ボルボ、欧州でテスラ・スーパーチャージャー対応拡大。EV充電体験をさらにシームレスに進化

・欧州29カ国・2万基超のテスラ急速充電網へのアクセス拡大
・日本・韓国でNACS採用計画を推進する電動化戦略
・300万カ所超の充電ネットワークを統合する独自エコシステム

ボルボは2026年5月26日、欧州およびアジア太平洋地域におけるEVユーザー向け充電環境をさらに強化すると発表しました。欧州では2026年第4四半期から、ボルボのアプリを通じて2万基以上のテスラ・スーパーチャージャーを利用可能とし、急速充電インフラへのアクセス性を大幅に高めます。

対象となるのは欧州29カ国で、ドイツ、フランス、ノルウェー、イギリス、スウェーデン、イタリア、スペインなど主要EV市場を網羅しています。これにより、ボルボのEVオーナーは従来以上にシームレスな長距離移動が可能となります。

さらにボルボは、日本および韓国市場において、北米充電規格「NACS(North American Charging System)」への移行も計画しています。2029年までに一部モデルでNACS/SAE J3400規格を採用する方針で、将来的には両国でもテスラのスーパーチャージャーネットワークが利用可能になる見込みです。具体的な導入時期や対象車種については後日公表される予定です。

ボルボ・カーズのエネルギーソリューション責任者、アレハンドロ・カストロ・ペレス氏は、「ボルボのドライバーはすでに世界300万カ所以上の充電ポイントへアクセス可能です。欧州でテスラ・スーパーチャージャーが加わることで、世界的に認知度の高い急速充電ネットワークをより簡単に利用できるようになります」とコメントしています。

現在、ボルボのEVユーザーは北米で12万カ所以上、欧州では120万カ所以上の充電ポイントをボルボ・アプリ経由で利用可能です。北米ではすでにテスラ・スーパーチャージャーにも対応しており、今回の欧州展開によってグローバルでの利便性がさらに高まります。

ボルボは、公共充電をより統一的かつ信頼性の高いものにすることを重視しています。各地域で充電規格の標準化や相互運用性を推進することで、EV所有のハードルを下げ、「充電の手間を感じさせない体験」の実現を目指しています。
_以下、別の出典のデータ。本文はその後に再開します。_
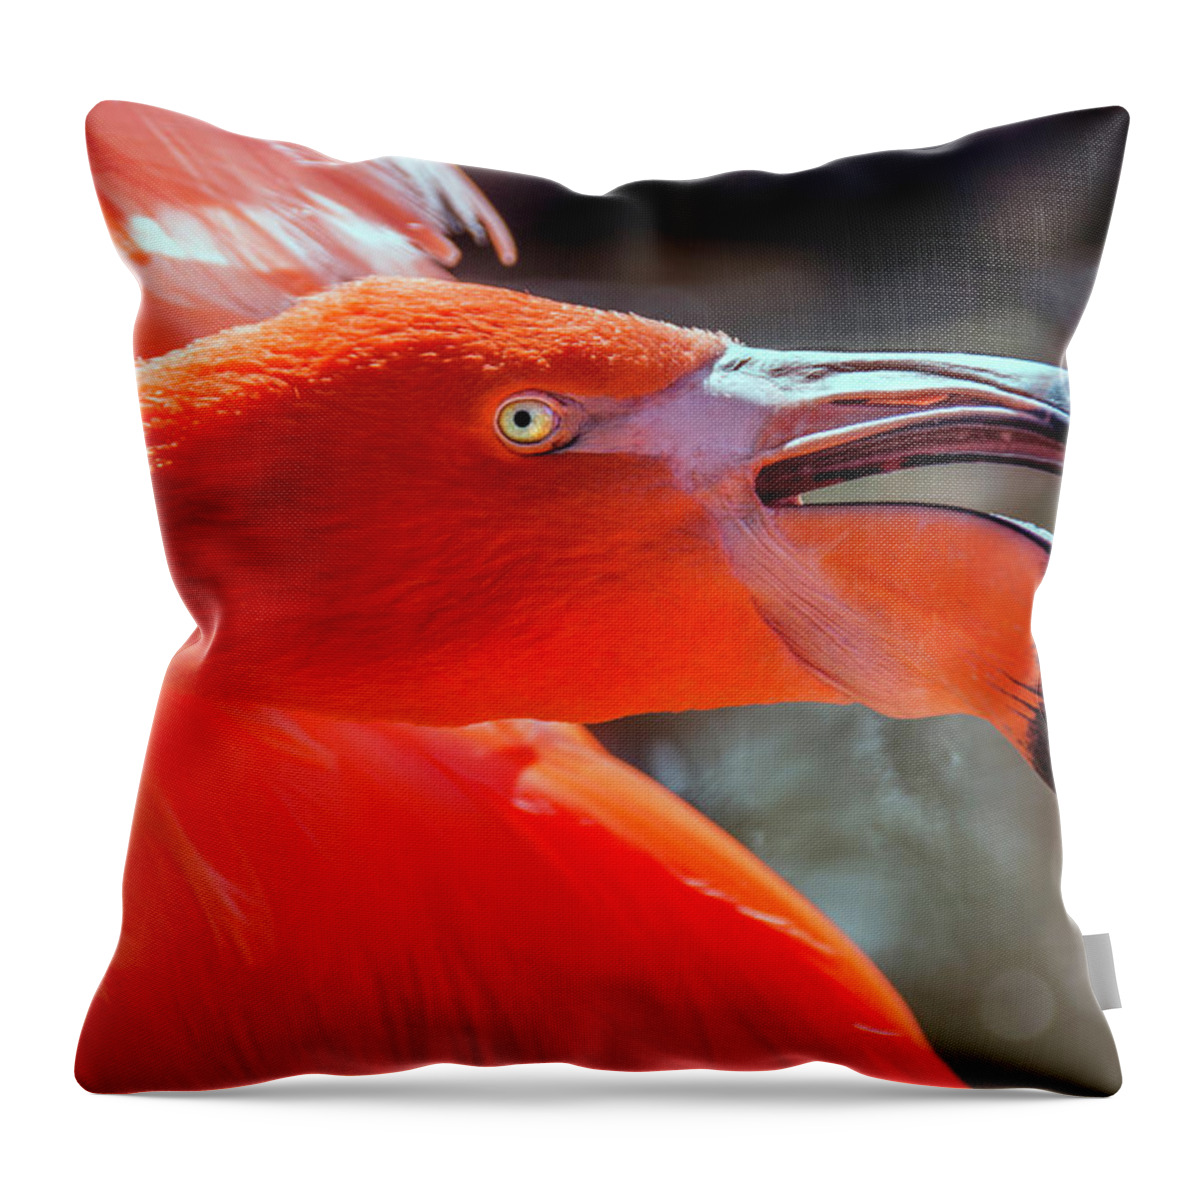 Flamingo Throw Pillow featuring the photograph Pink Flamingo by WAZgriffin Digital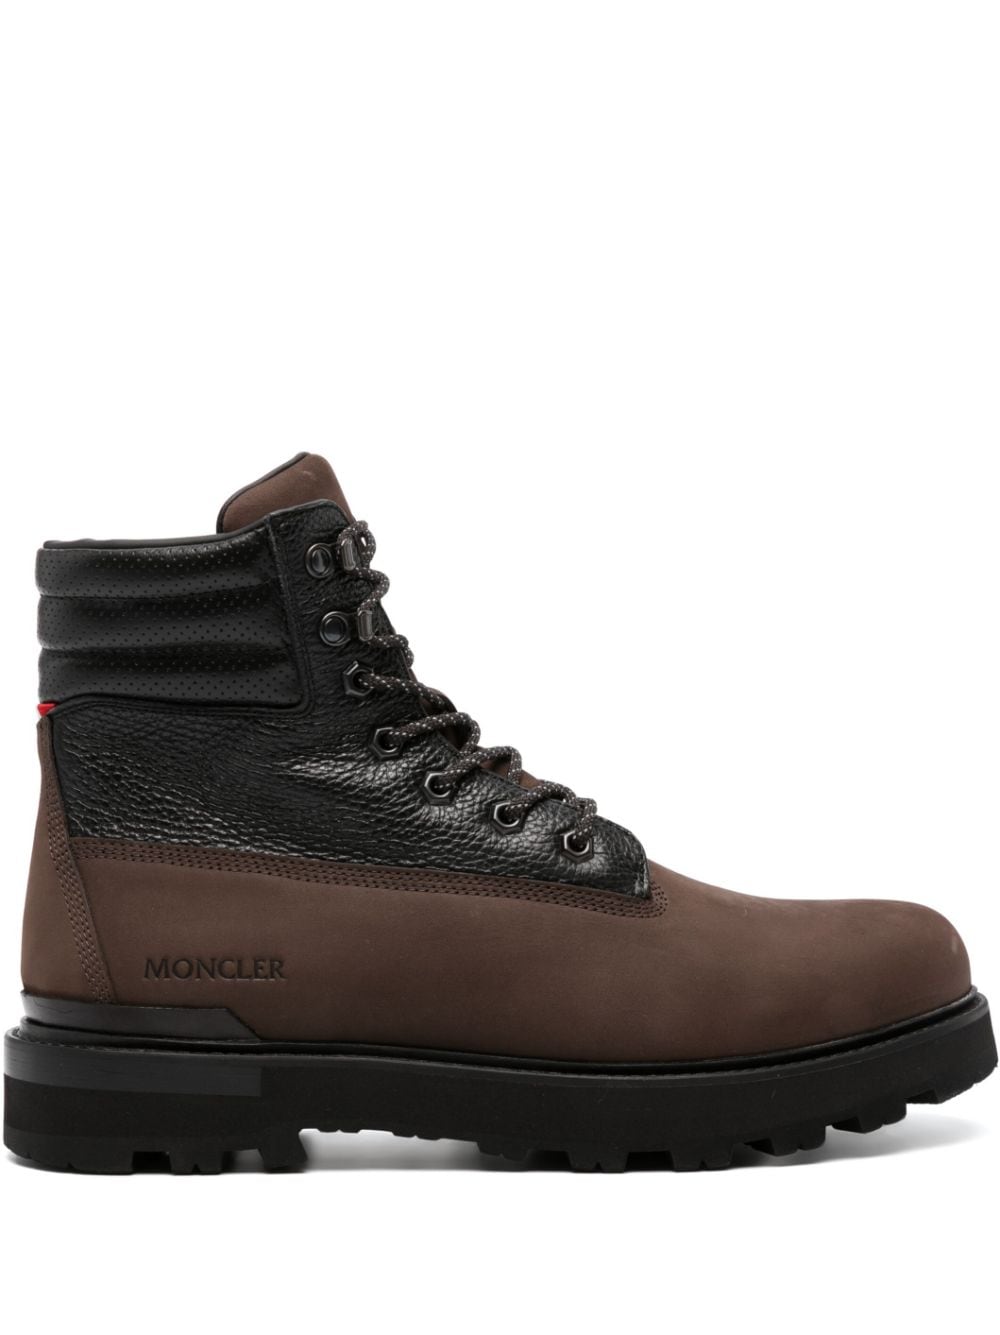 Moncler Peka leather ankle boots - Brown von Moncler

今回の発表で対象車種として挙げられたのは、EX30、EX40、EC40、EX60、EX90、そしてES90です。次世代EVラインアップを軸に、ボルボはフル電動化への歩みをさらに加速させます。

【ひとこと解説】
テスラ・スーパーチャージャー
は、独自規格のDC急速充電網で、V3は最大250kW、最新のV4は最大350kW級の高出力に対応する。車両側のプレコンディショニングにより電池温度を最適化し、0〜80%を約20〜30分で充電可能。充電スタンドはナビと連携し、空き状況・料金・到着時の残量を自動計算。V4ではケーブル延長や非テスラ車対応も進み、EV長距離移動のインフラとして拡大している。